Daimler’s Home Divests From Oil, Coal in Growing German Movementby
Stuttgart divesting to comply with climate-protection criteria
About $679 million, 20% of Stoxx 600 stocks could be affected
Stuttgart, home to one of Germany’s oldest carmakers, Daimler AG, became the latest city to says it’s divesting from companies that don’t comply with climate-protection criteria.
Tucked in the southwestern corner of Europe’s biggest economy, Stuttgart will join Dusseldorf and other cities in withholding its money from companies with stakes in oil and coal, fracking or shale gas, nuclear power and genetically modified goods, according to a municipal statement. The city of 598,000 people is reviewing Stoxx 600 companies to update its policy governing about 600 million euros ($679 million) of investments.
While leaders dither in Germany and across the globe on how and when they’ll phase out the dirtiest fossil fuels, individual investors have taken action into their own hands. Two years ago the Rockefeller Fund joined a group of 800 people and institutions that pledged to divest from fossil fuel companies and boost investments in clean energy. Bigger German cities like Stuttgart, run by a Green Party mayor, have since joined the divestment vanguard.
“We’ve hired an adviser to cross check which of the listed companies don’t comply with our criteria and no longer qualify for our investments,” said Stuttgart spokeswoman Jana Brown in an e-mail. Some 20 percent, or as many as 120 of the Stoxx 600 companies, including RWE AG. EON SE and Bayer AG, may be barred from the city’s portfolio, according to municipal documents seen by Bloomberg News.

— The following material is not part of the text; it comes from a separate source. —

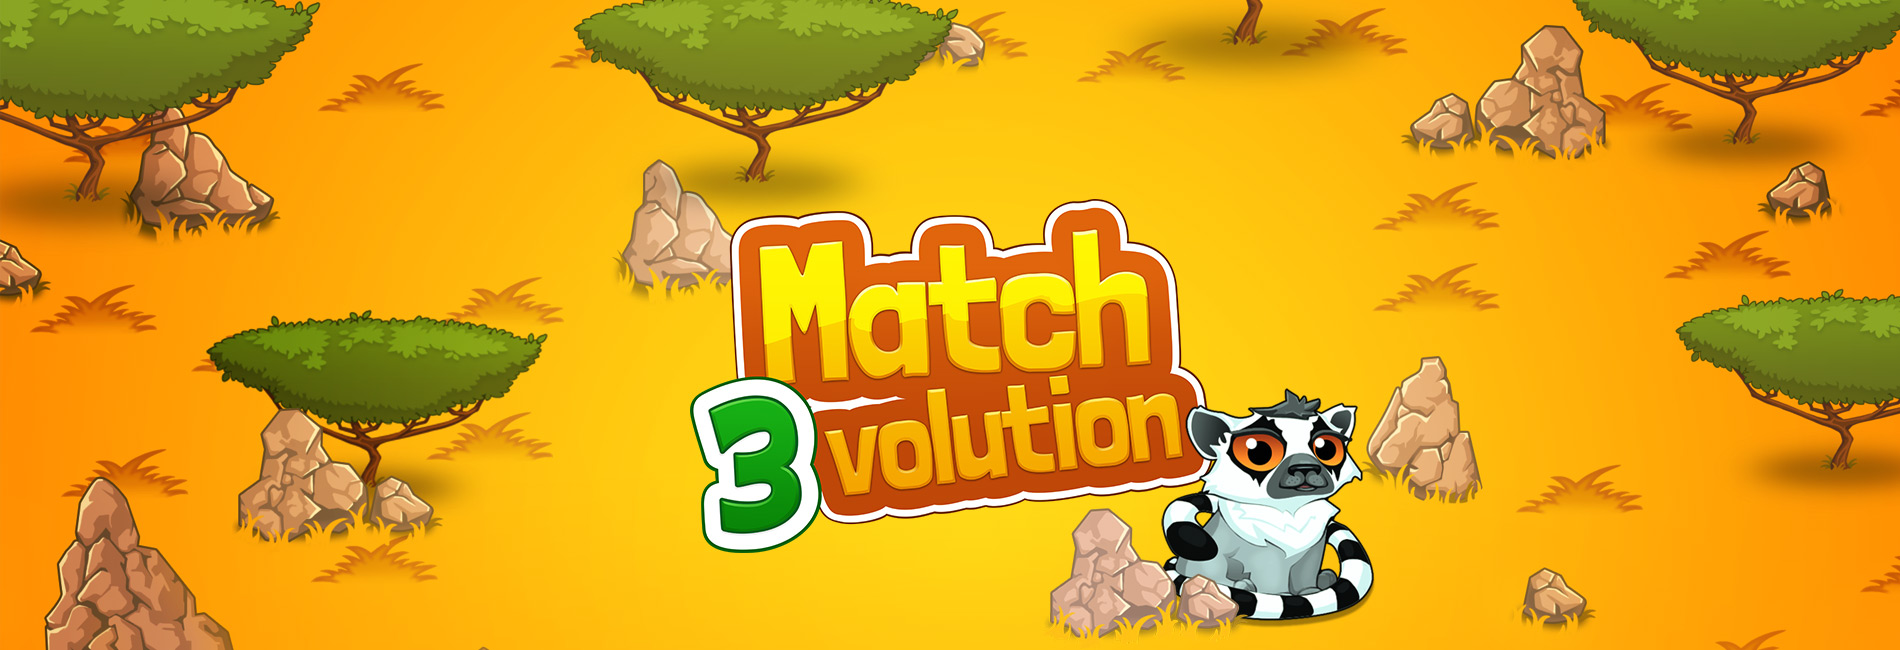 Match 3volution

Even as Germany leads Europe in installed green-power capacity, its carbon dioxide emissions remain stubbornly high. Hard coal and lignite generated about 40 percent of all power in the country last year. Battery- or hybrid-run cars make up less than 1 percent of all road registrations.
In addition to Daimler, Stuttgart, with an annual budget of about 6.7 billion euros is home to Porsche SE and Robert Bosch GmbH as well as some 400 small- and medium-sized car parts companies, according to the municipal website. German carmakers have only belatedly committed to electric-vehicle production and trail companies like Tesla Inc. and Nissan Motor Co. Daimler’s Mercedes-Benz brand is planning a line of electric vehicles.
All of Germany’s 16 states are required to devise strategy to cut carbon dioxide pollution as much as 95 percent by 2050 in line with Paris Climate Accord goals. As many as six states continue holding significant investments in coal and oil, according to a July report published by Der Spiegel magazine.
In June, Berlin’s regional parliament resolved to withhold pension fund investments worth 750 million euros ($849 million) from stocks falling foul of its climate-protection criteria. Dusseldorf implemented a divestment policy from as early as 2007 that pulled its holdings in utility RWE AG.
“We don’t want to name and shame companies,” Stuttgart’s Brown said, declining to provide details of planned municipal divestments. German cities and municipalities can’t raise local taxes and have limited access to capital markets to finance payrolls.
States including North Rhine-Westphalia, Bavaria, Saxony-Anhalt and Brandenburg have about 400 million euros in oil companies like Total SA, British Petroleum Plc and Royal Dutch Shell Plc and miners like BHP Billiton Ltd. and Plc, according filings cited in the Spiegel report.